Caffarelli listed examples:
• “In seven other cases (including twice in one case), Mr. Hanlon has requested additional time and/or to file … due to ‘computer problems,’ ‘computer issues,’ ‘PACER problems,’ ‘technical difficulties’ and email ‘error messages.’ ”
• “In at least 14 other cases, Mr. Hanlon similarly filed multiple motions for leave to file … because he failed to meet a court-ordered deadline.”
• "In at least three other cases,
Mr. Hanlon falls back on the old excuse of having sent something, which magically never arrives."
The court did not sanction Hanlon, and the case later was settled.
‘Failed to answer the complaint’
In 2013, Hanlon represented a man named Michael Reschke and a company called Windmill Communities LLC in Wisconsin.

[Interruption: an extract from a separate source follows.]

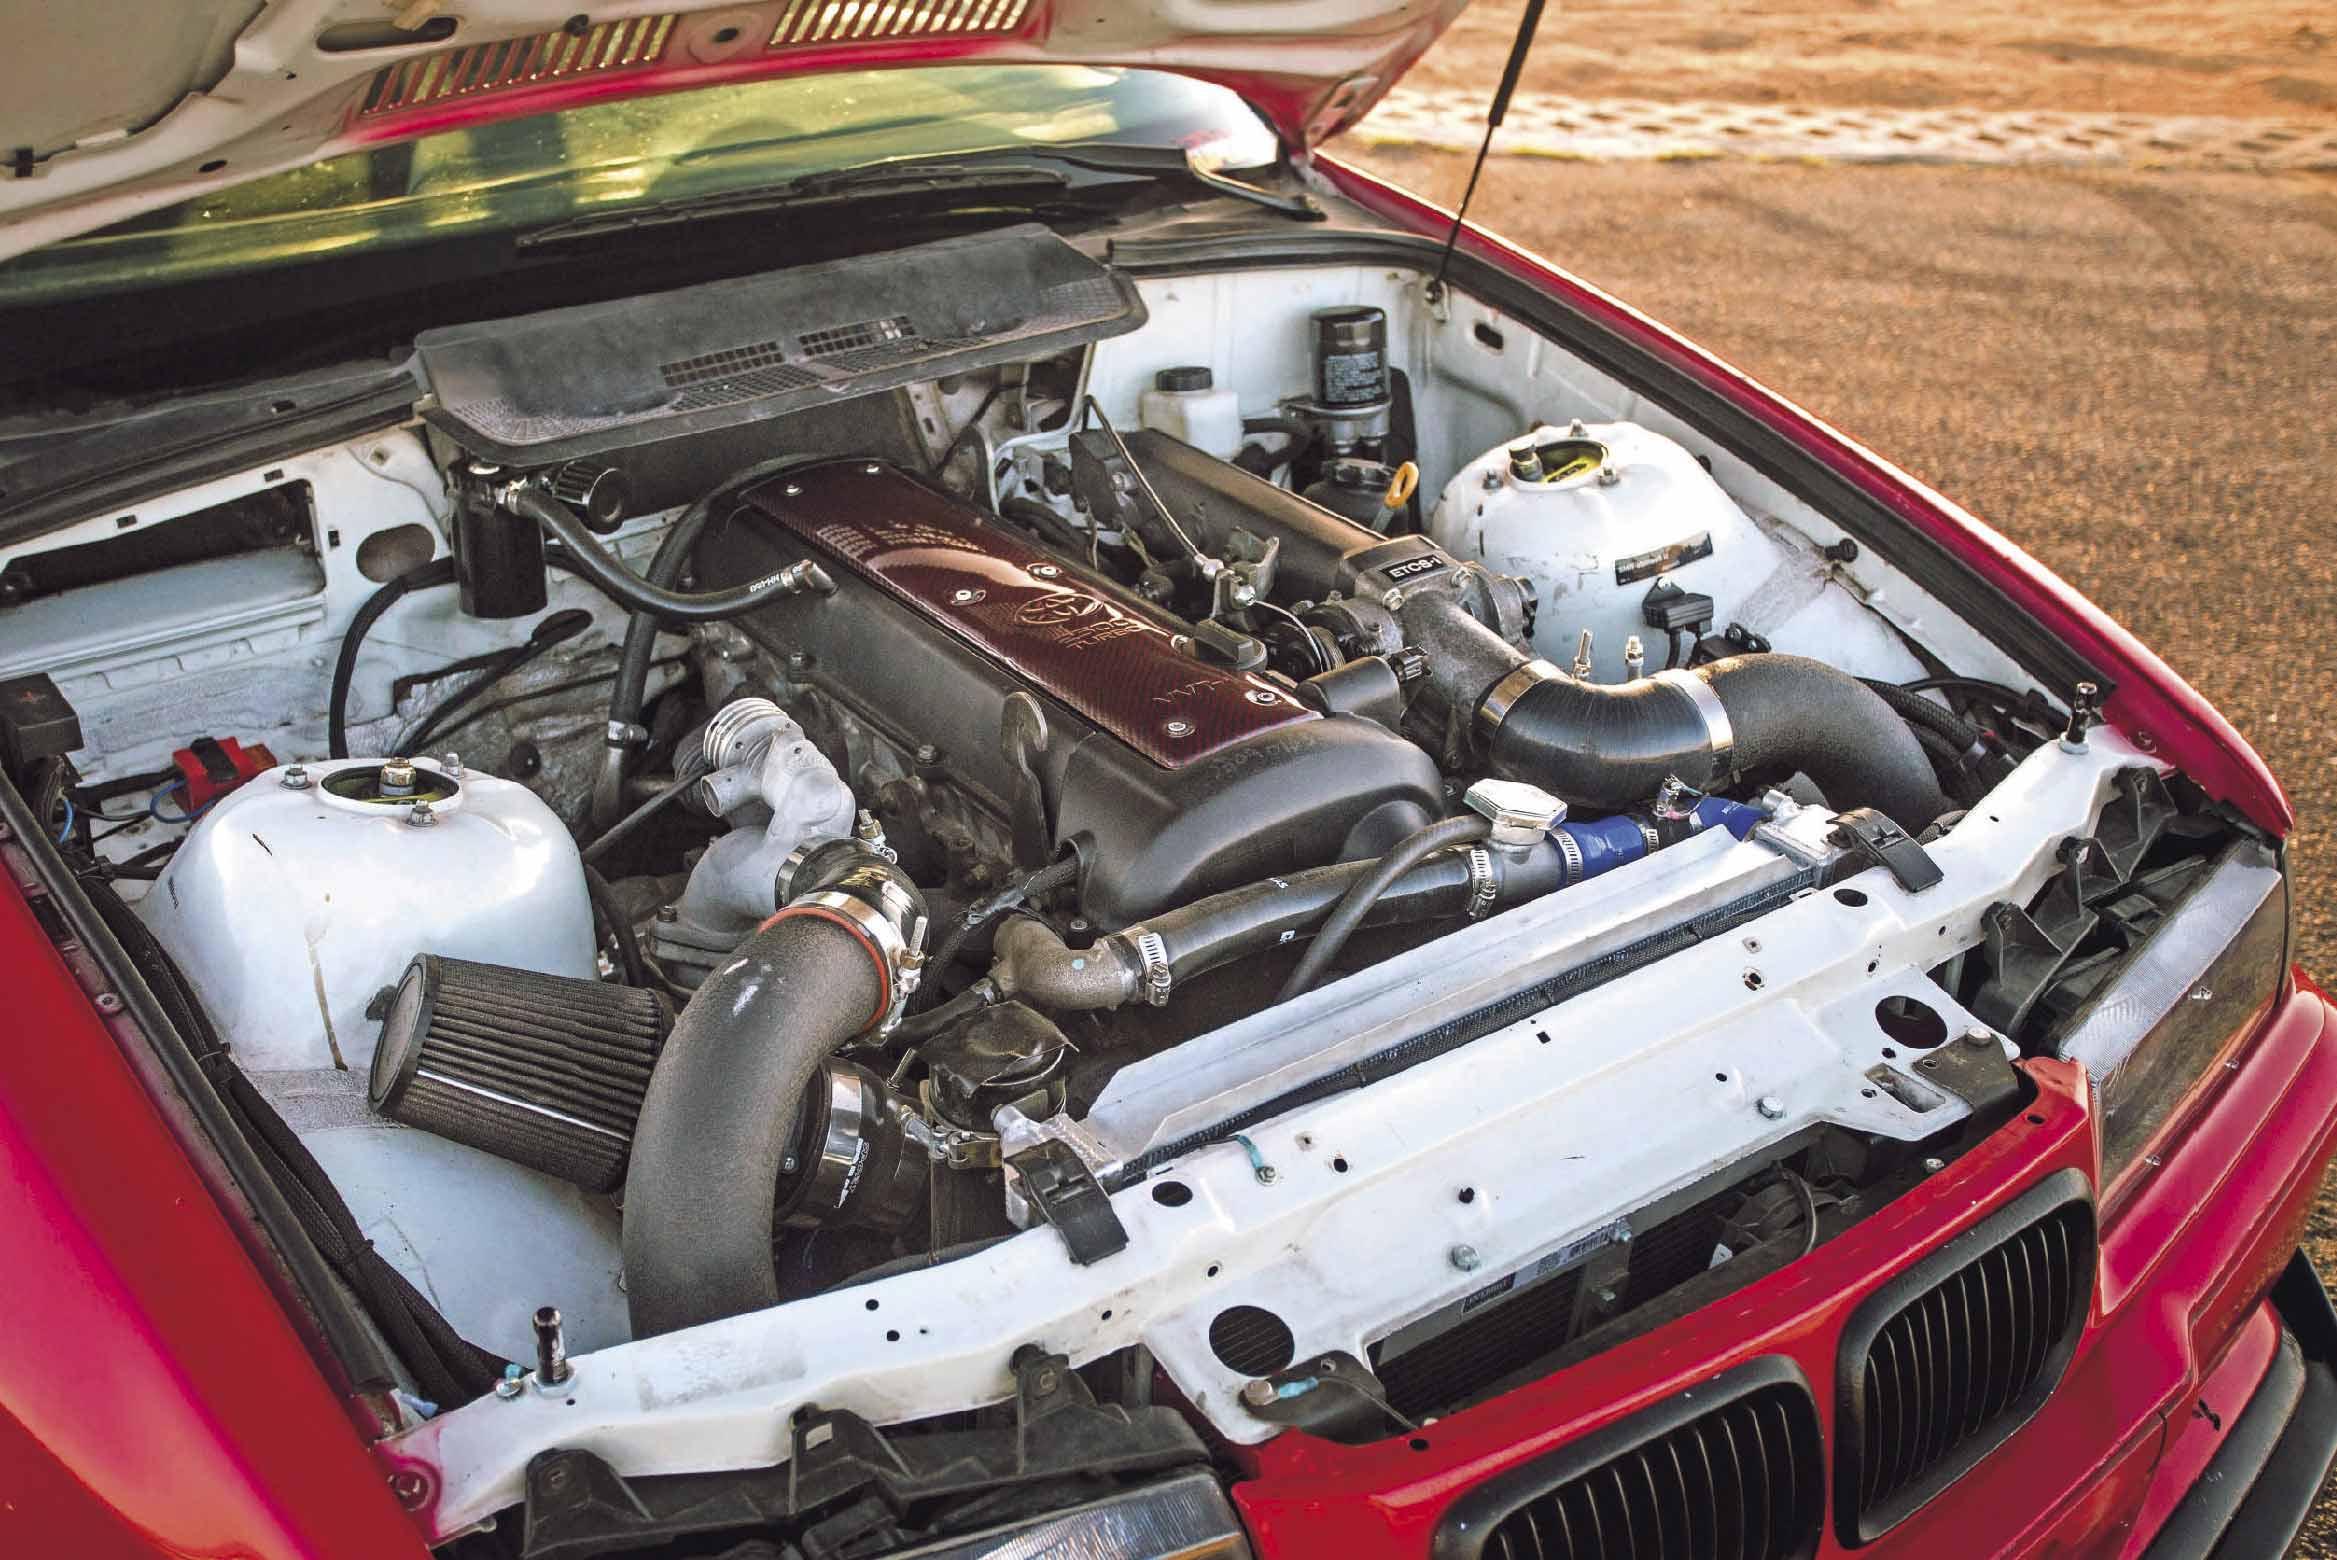 1JZ-swapped drift BMW M3 E36 - Drive-My Blogs - Drive

Windmill had borrowed about
$6.4 million from Talmer Bank, and the company later defaulted on five promissory notes, one of which was secured by a mortgage, according to Wisconsin Court of Appeals documents.

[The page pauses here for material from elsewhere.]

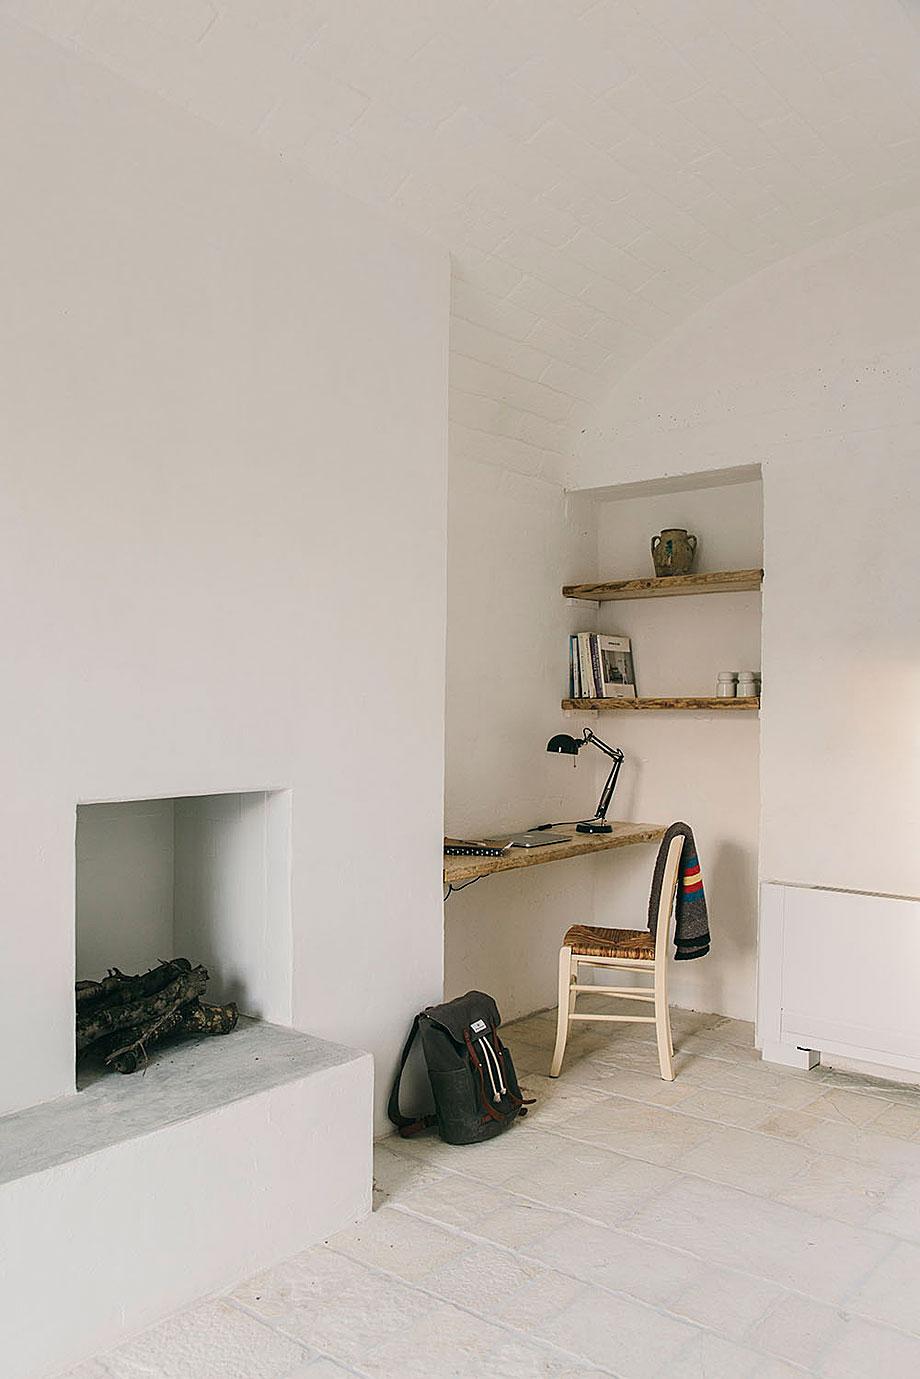 masseria-moroseta-andrew-trotter-architecture-puglia-ostuni-openhouse-17

Talmer Bank sought foreclosure on the mortgage and monetary judgments against Windmill. Windmill’s counsel failed to respond to the complaint.
“The bank moved for a default judgment,” according to a May 8, 2013, court of appeals order. “Windmill failed to answer the complaint.”
The court ordered the mortgaged property to be sold at a sheriff’s sale.
“At the sheriff’s sale, the bank was the successful bidder on the mortgaged property,” the appeal order said. “Its motion for confirmation and for deficiency judgment against Reschke was supported by an affidavit of its counsel. Although Windmill filed no objection, at the hearing on the motion, the court granted it a thirty-day extension to file a responsive brief.”
Hanlon did not file anything, “explaining that he was in Minnesota on a Boy Scout canoe trip.”
Years later in Algonquin Township, in September 2017, an administrative law judge ordered Gasser to rehire three employees he fired on his first day in office with back pay and interest. The order came after Hanlon did not respond to a labor complaint.
Hanlon said he was not in the country when the notice showed up.
“At the time of the motion for default,” a motion said, “attorney Hanlon was in France.”